Boruta Melinger - CYKL OGRODNIKA - Niezapominajki
Kierownik był dziś wyjątkowo nie w humorze. Awanturą pachniało w powietrzu bardziej niż niezapominajkami przed burzą, a to nie było jeszcze nawet jego ostatnie słowo. Ani nawet pierwsze. Boruta znał dobrze ten stan – nieraz widywał swojego krótkonogiego pracodawcę, jak przemierzał ogród średnimi krokami, rwąc z głowy łysinę. Nie inaczej było tego przedpołudnia.

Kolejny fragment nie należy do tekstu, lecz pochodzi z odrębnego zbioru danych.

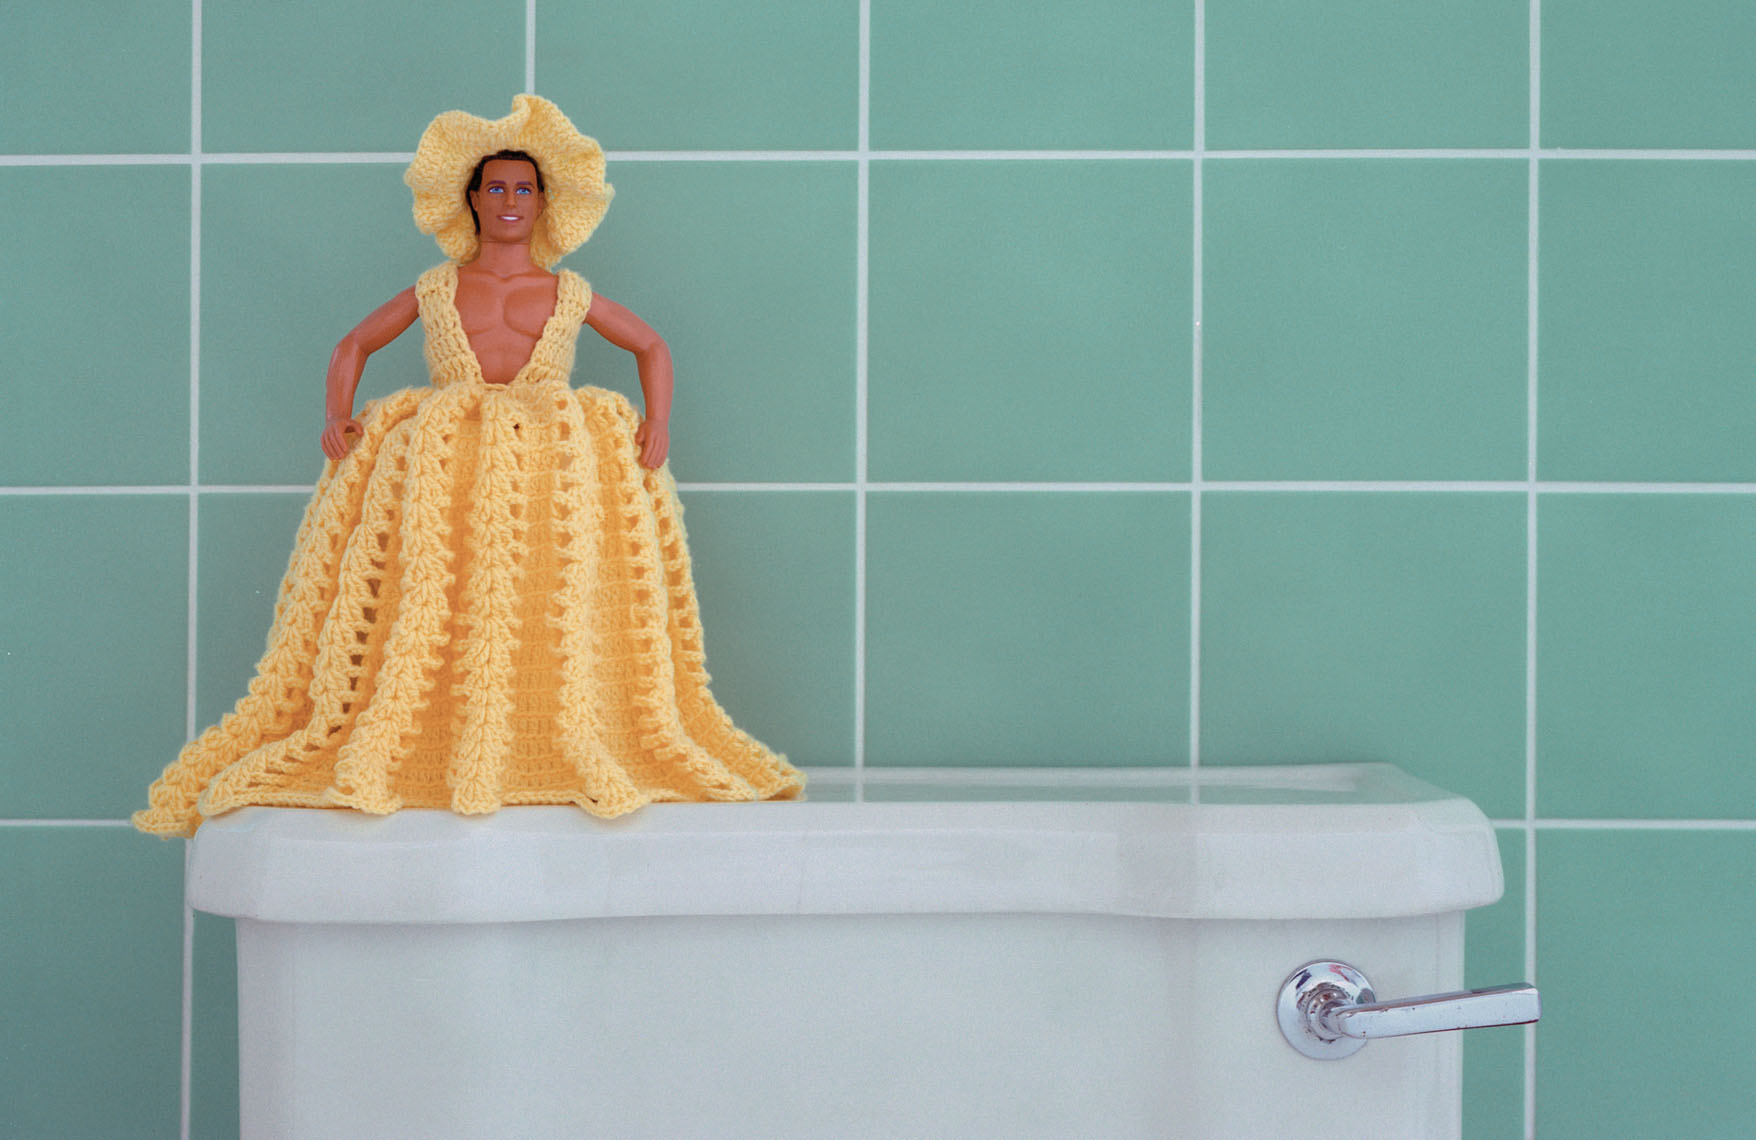 Ken, a toilet holder doll, dressed in a bright yellow crocheted dress and hat.

W izbie przyjęć, jak nazywano gabinet staruszka, przyjmowano na audiencji jedynie te najbardziej złożone problemy. Kiedy na świecie akurat nic szczególnego się nie działo, w ruch szło lustro wiszące przy drzwiach. Kierownik spoglądał w nie długo, aż do nabrania przekonania, że po drugiej stronie jest jego nachalnej pamięci bliźniak i się zaczynało. Nie cierpiał próżni, więc przynajmniej raz dziennie musiał kogoś zbesztać. Pewnego razu, podczas jednego z tych cichych dni, tak się sam ze sobą pokłócił w lustrze, że potem przez dwa tygodnie się do siebie nie odzywał.

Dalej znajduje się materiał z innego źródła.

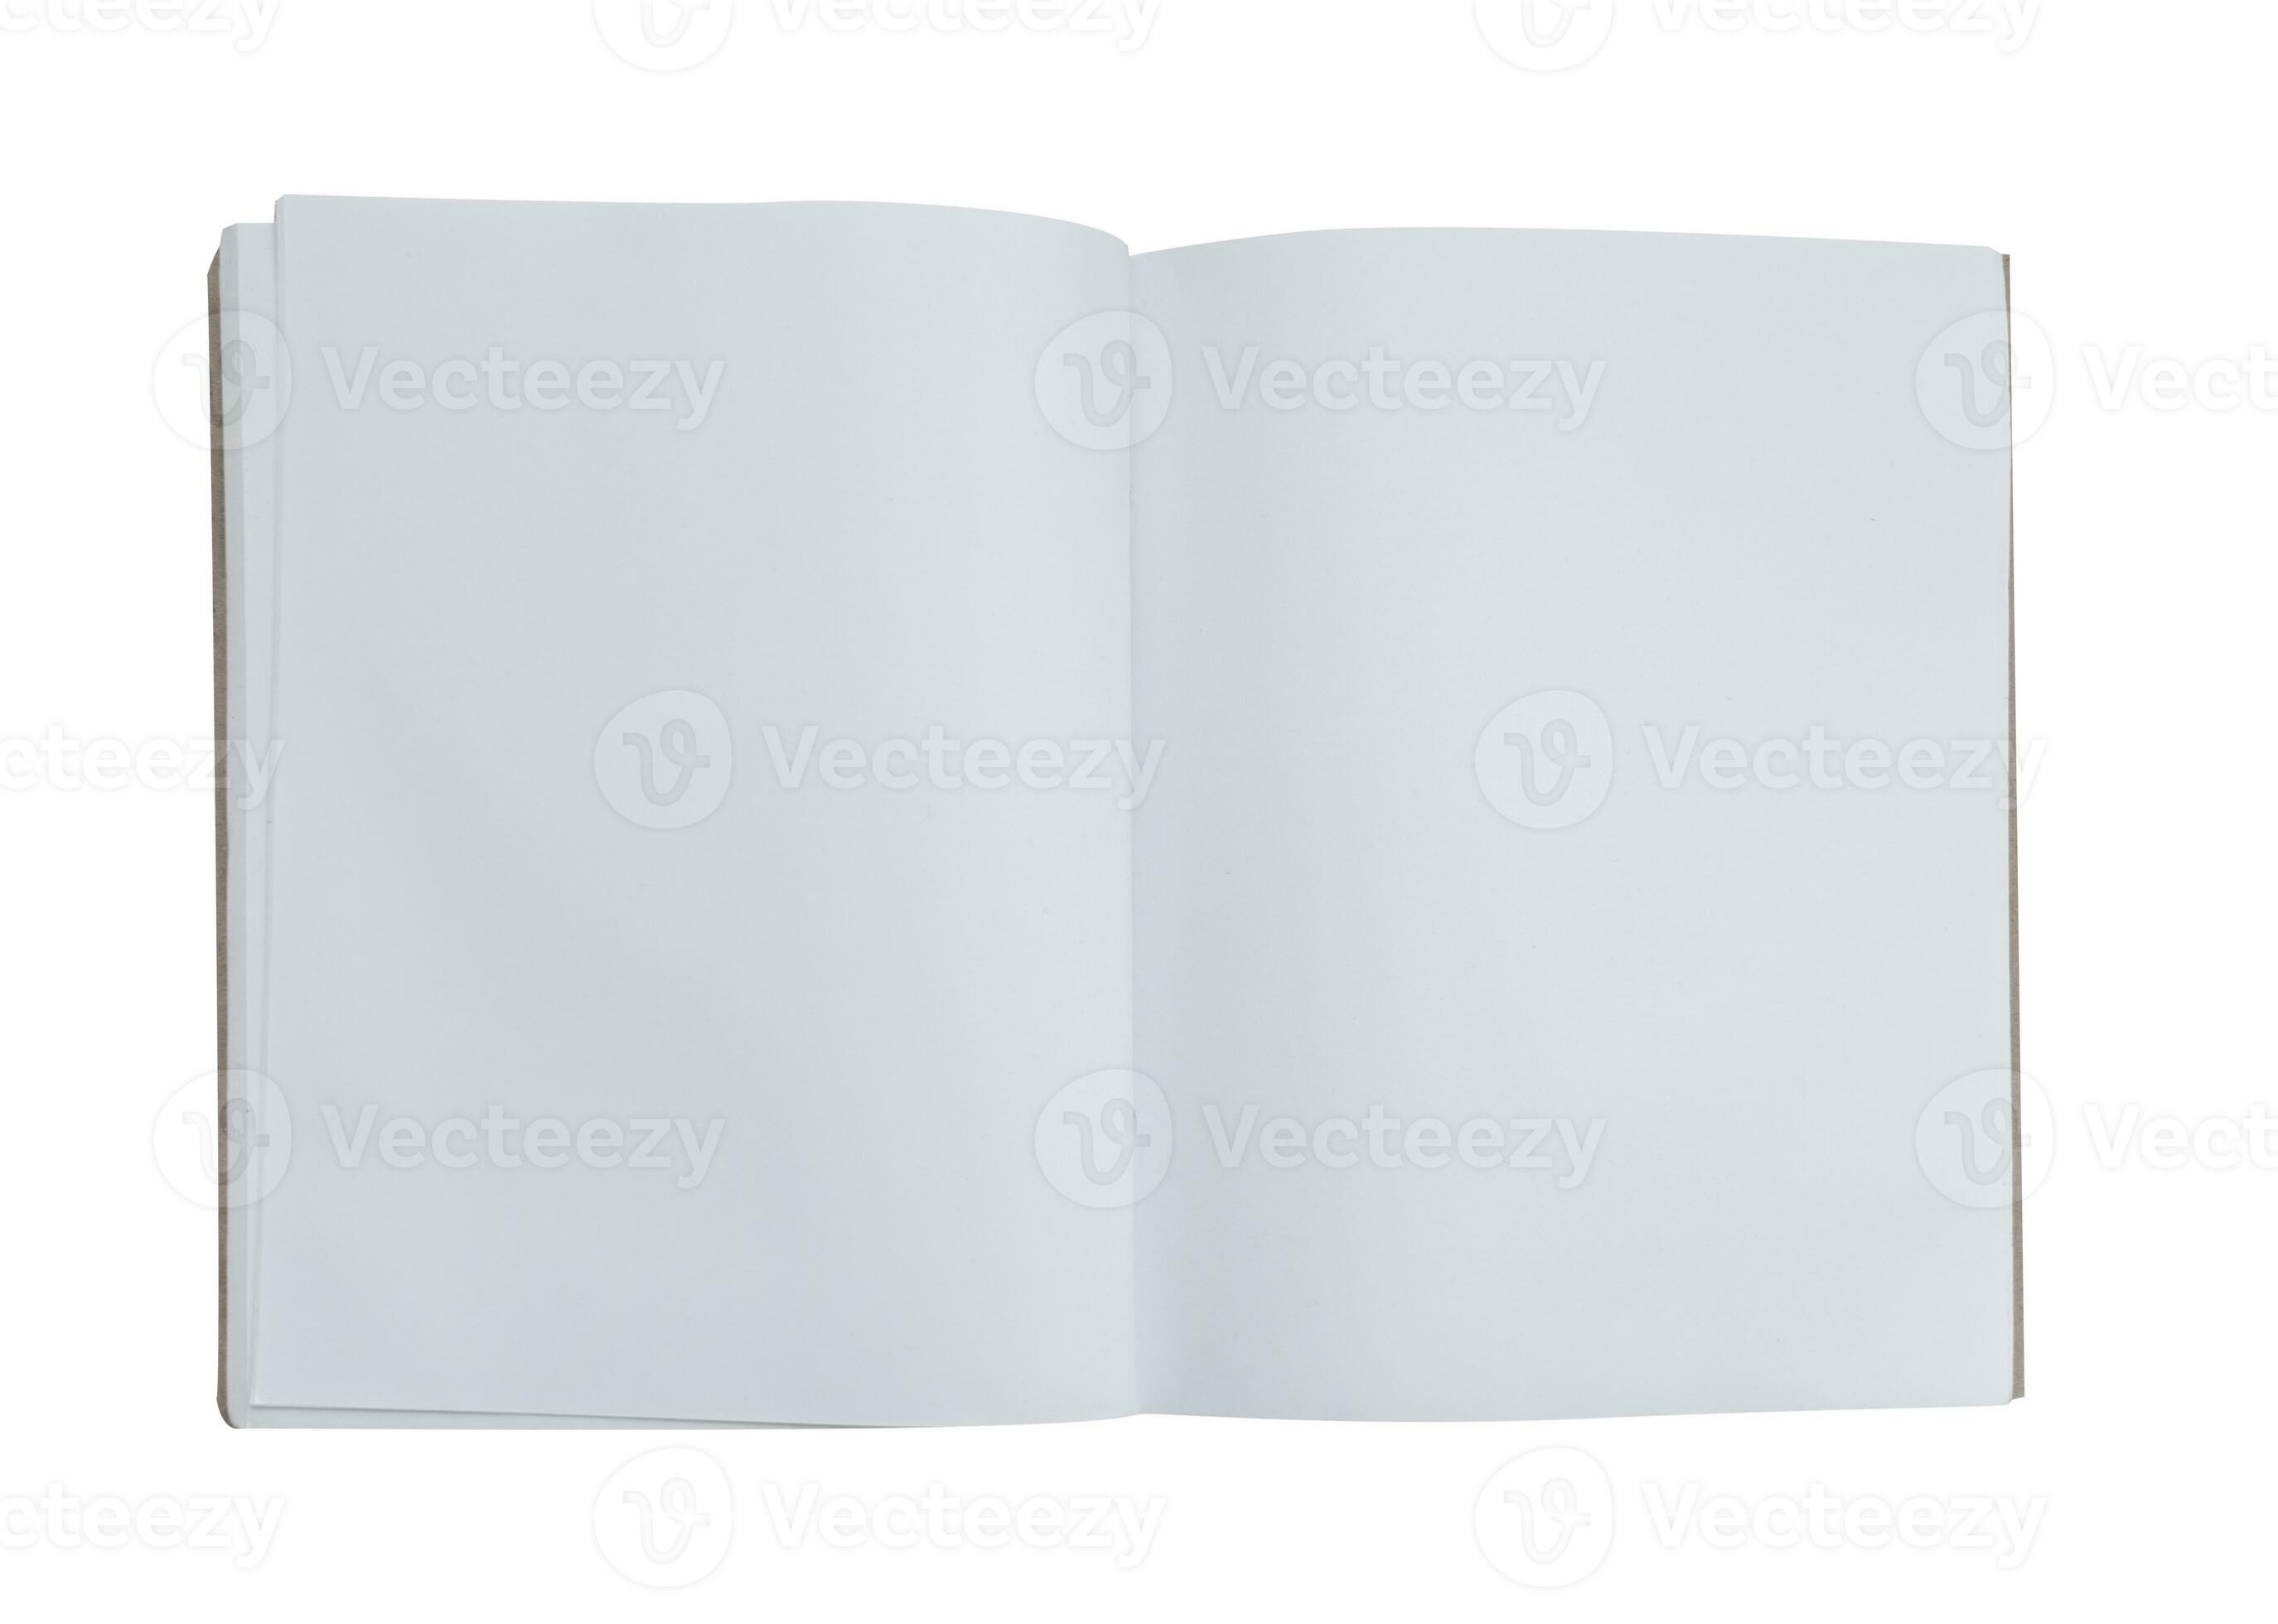 Hand Opening White Journal with Blank Pages Mockup. Stock Image

Mordeczka spokojnie wyciągnął z ziemi ostatnią marchewkę, otrzepując ją nieco z ziemi. Nie musiał się lękać gniewu Kierownika państwowej polityki. Ogrodnik był jak listonosz czy dostawca mleka – jeśli nie miałeś żony, w niczym ci nie zagrażał. A dziadkowe humory nurtowały tylko zagrożenia, na resztę nie miał czasu. Boruta zdjął zmordowane pracą rękawice i wyciągnął świeżą paczkę „Popularnych”. Spojrzał pytająco na mijającego go pracodawcę.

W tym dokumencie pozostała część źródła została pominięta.